*** Opening of GIVEN INFORMATION ***
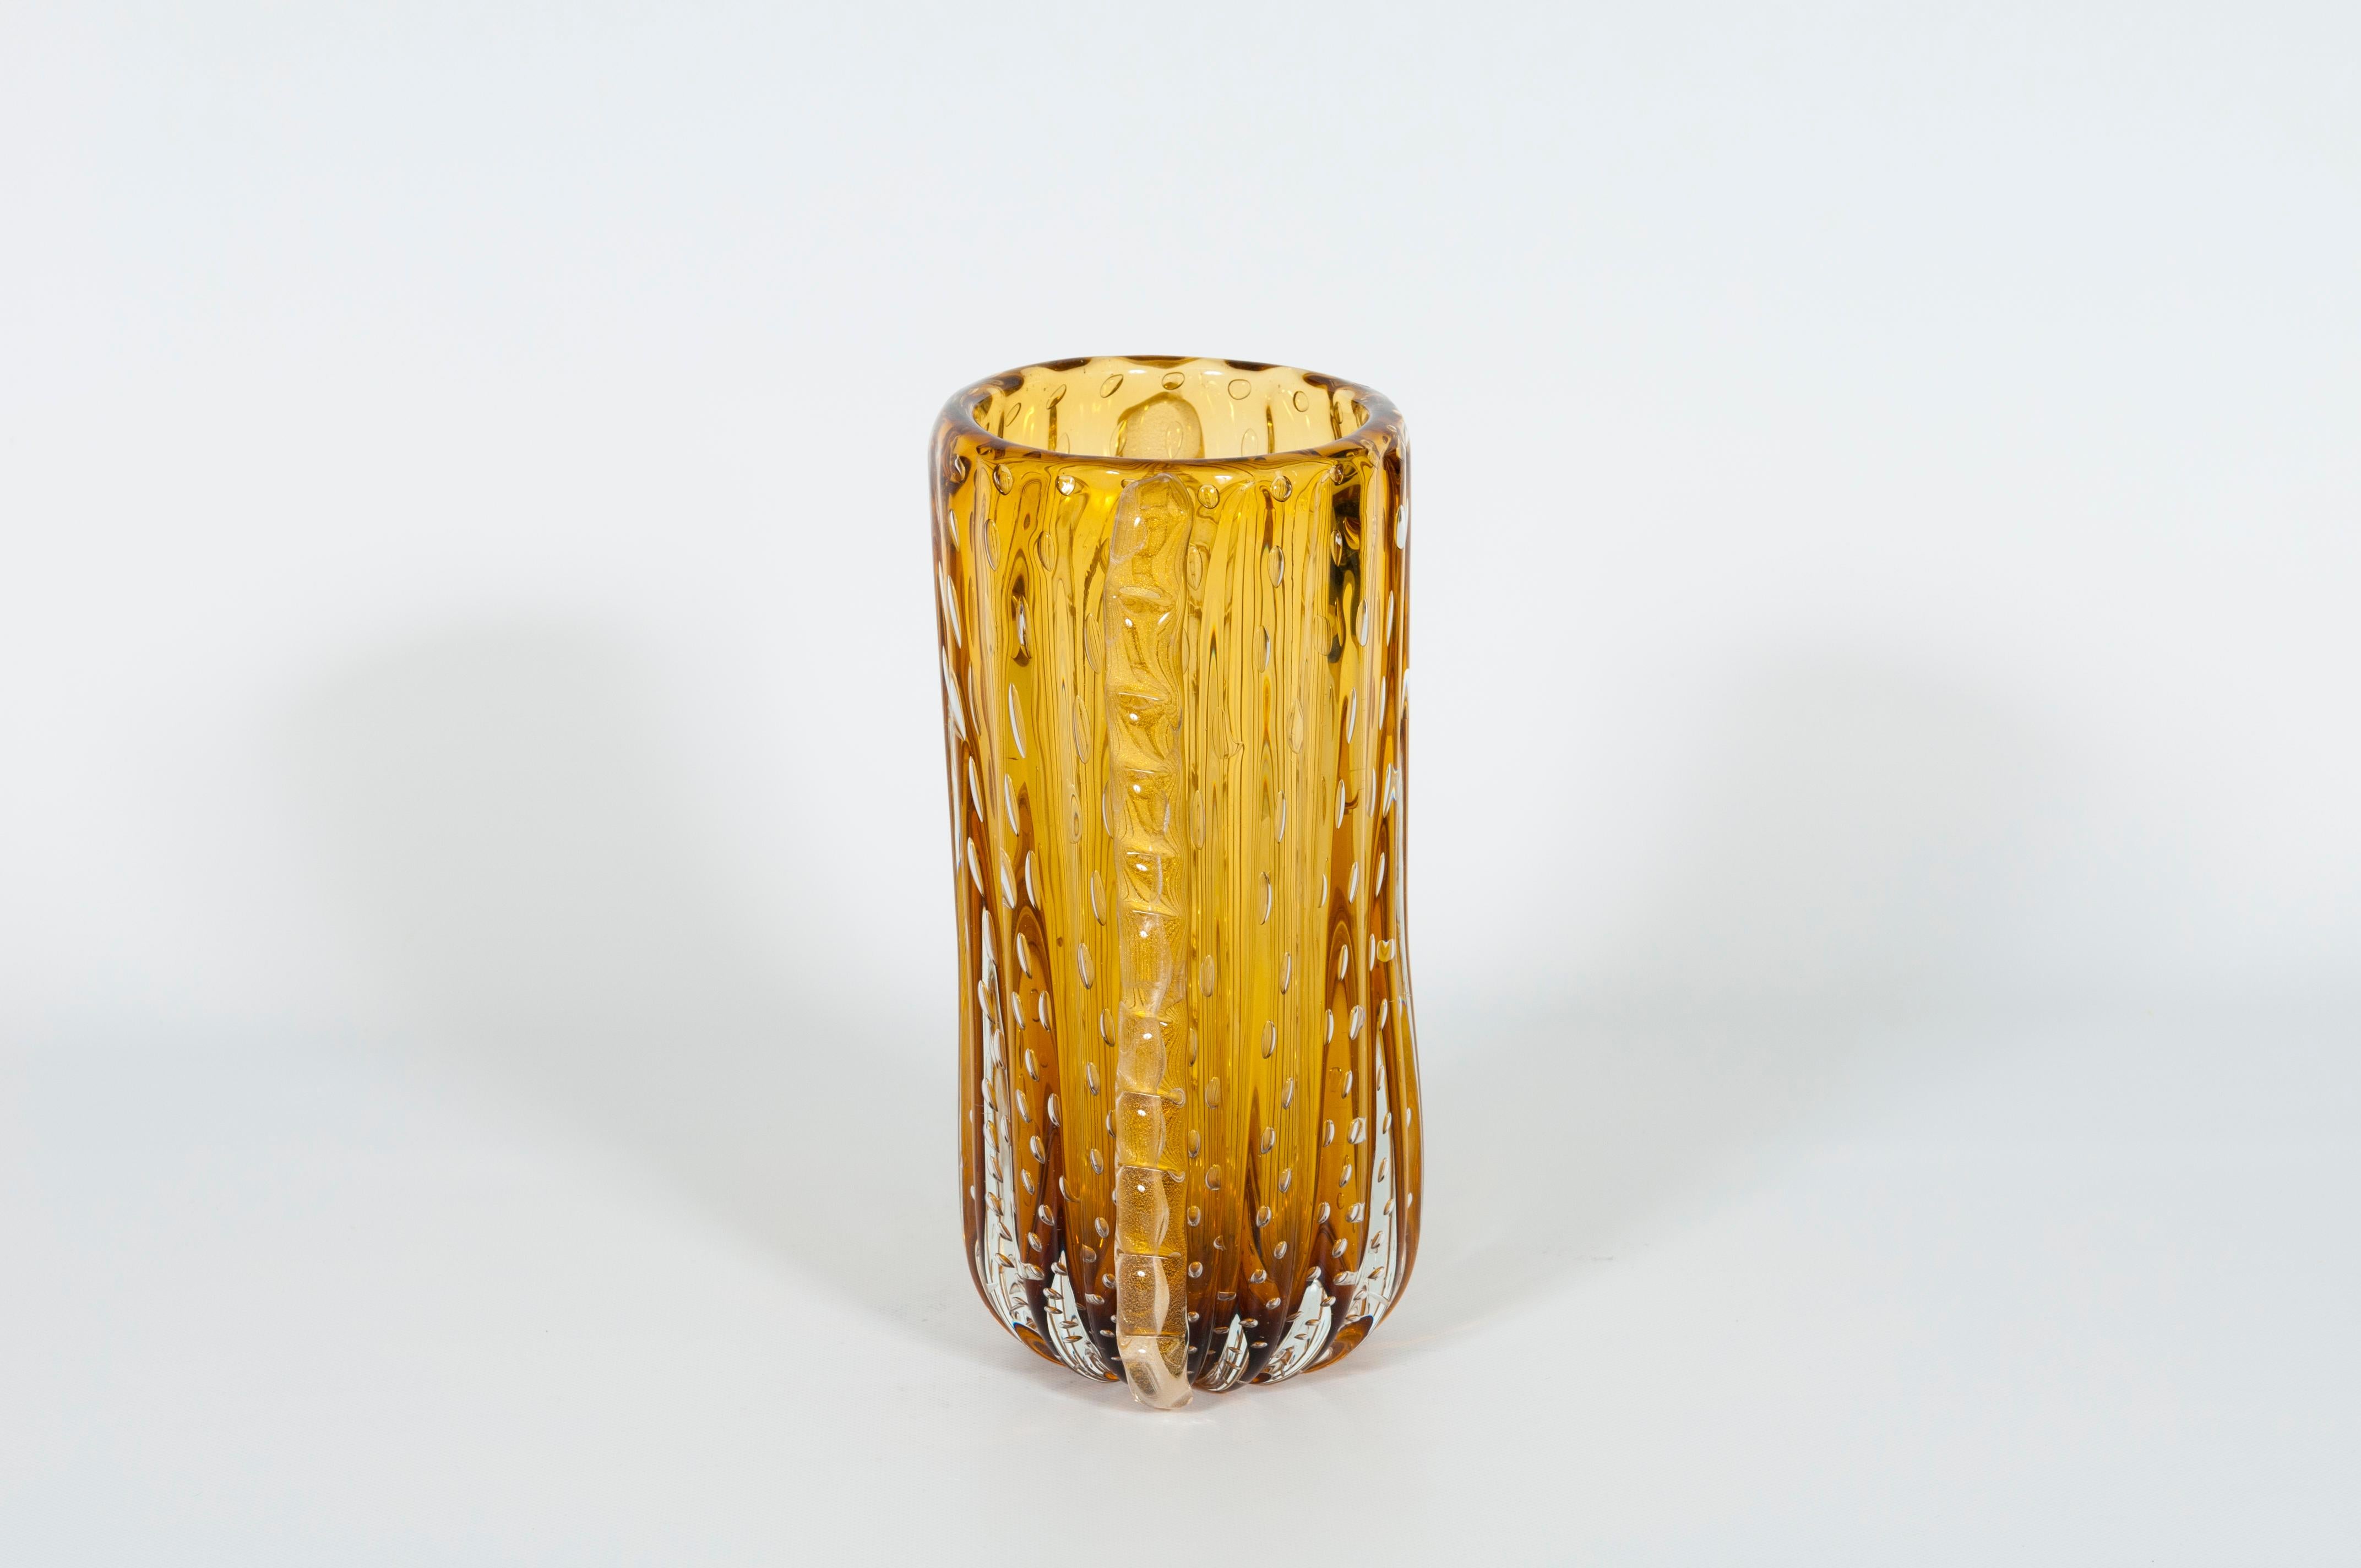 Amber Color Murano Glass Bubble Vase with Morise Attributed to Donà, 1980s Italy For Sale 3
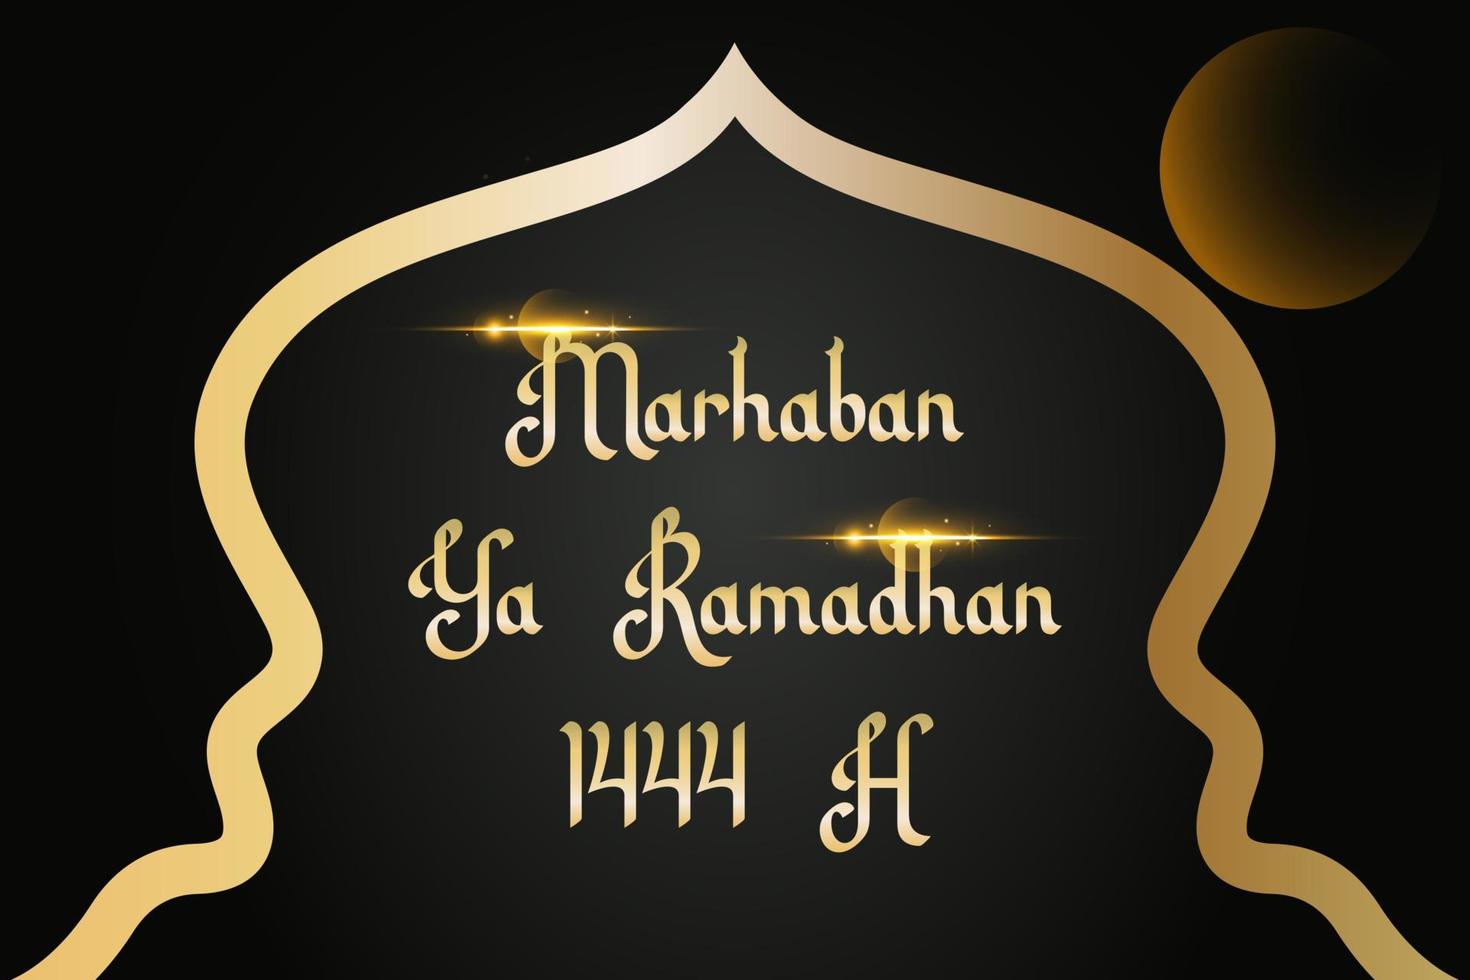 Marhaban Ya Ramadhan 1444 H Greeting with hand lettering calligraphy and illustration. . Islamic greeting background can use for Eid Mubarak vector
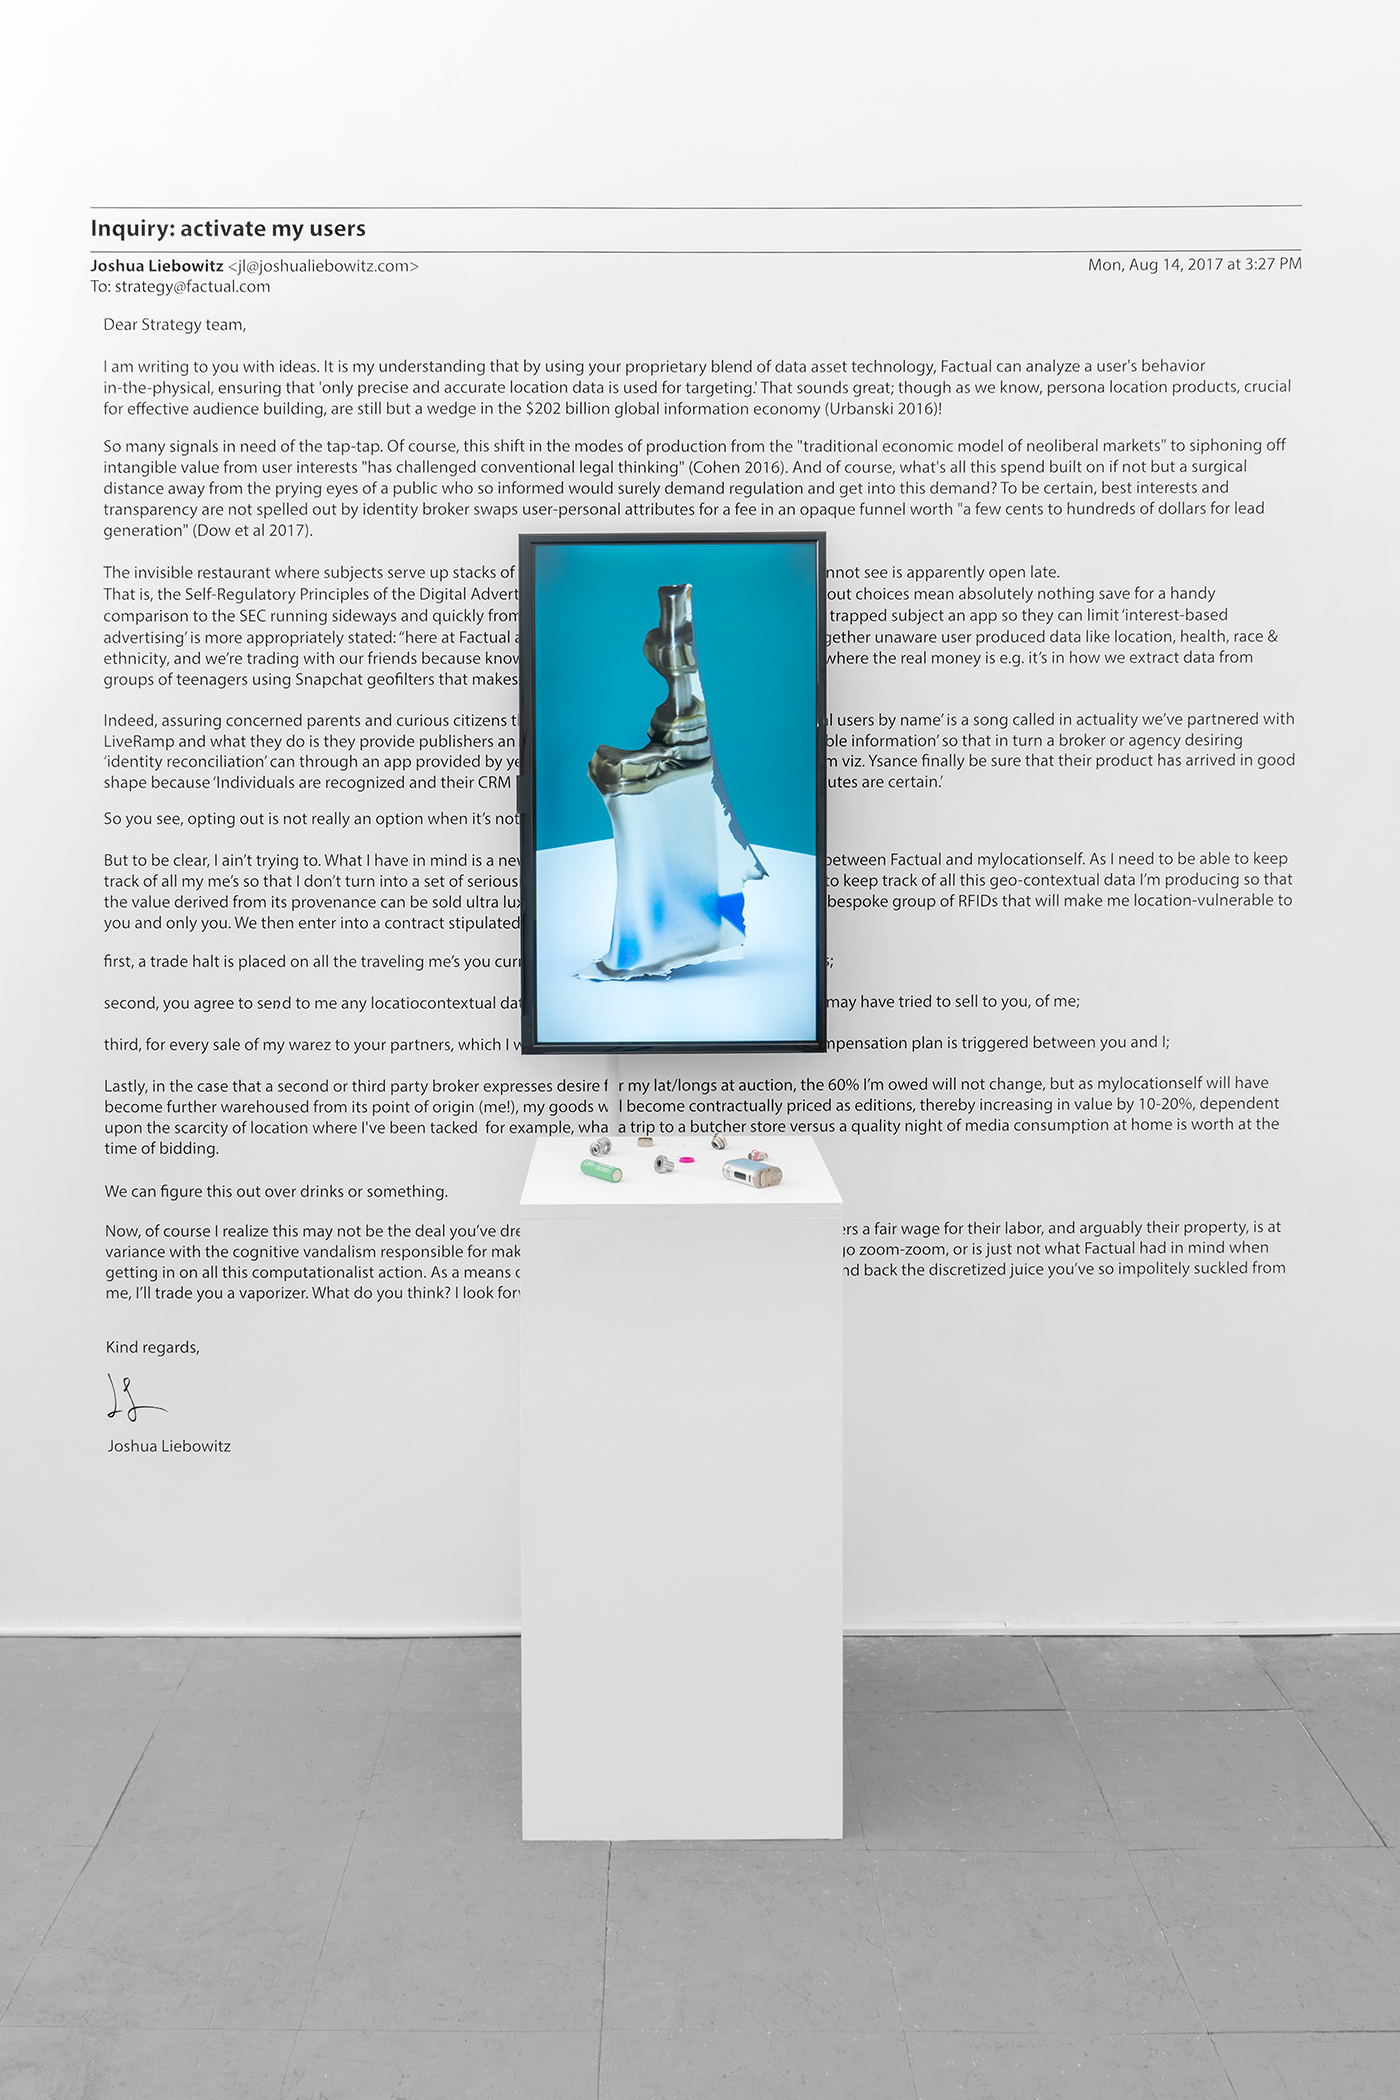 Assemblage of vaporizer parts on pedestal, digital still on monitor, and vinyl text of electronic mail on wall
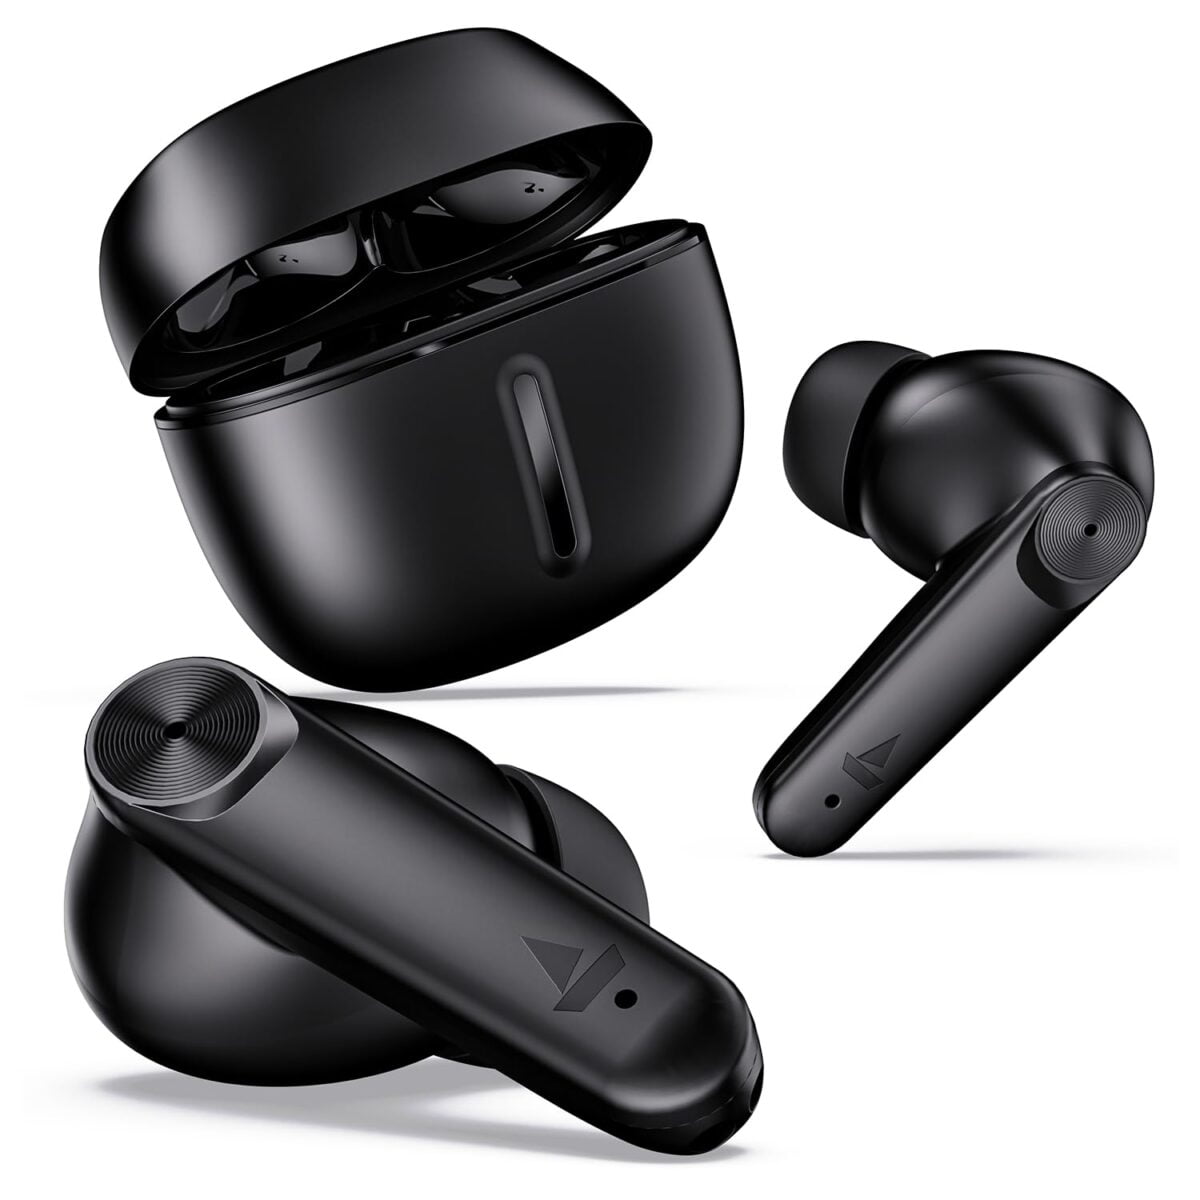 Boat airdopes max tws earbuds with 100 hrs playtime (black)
*** Close of GIVEN INFORMATION ***
• PROBLEM TO WORK ON
From the first line to the last, write out the data above exactly. Omit the pictures.

• RESPONSE TO THE EXERCISE
 Amber Color Murano Glass Bubble Vase with Morise Attributed to Donà, 1980s Italy For Sale 3
 Marhaban Ya Ramadhan 1444 H Greeting with hand lettering calligraphy and illustration. . Islamic greeting background can use for Eid Mubarak vector
 Assemblage of vaporizer parts on pedestal, digital still on monitor, and vinyl text of electronic mail on wall
 Boat airdopes max tws earbuds with 100 hrs playtime (black)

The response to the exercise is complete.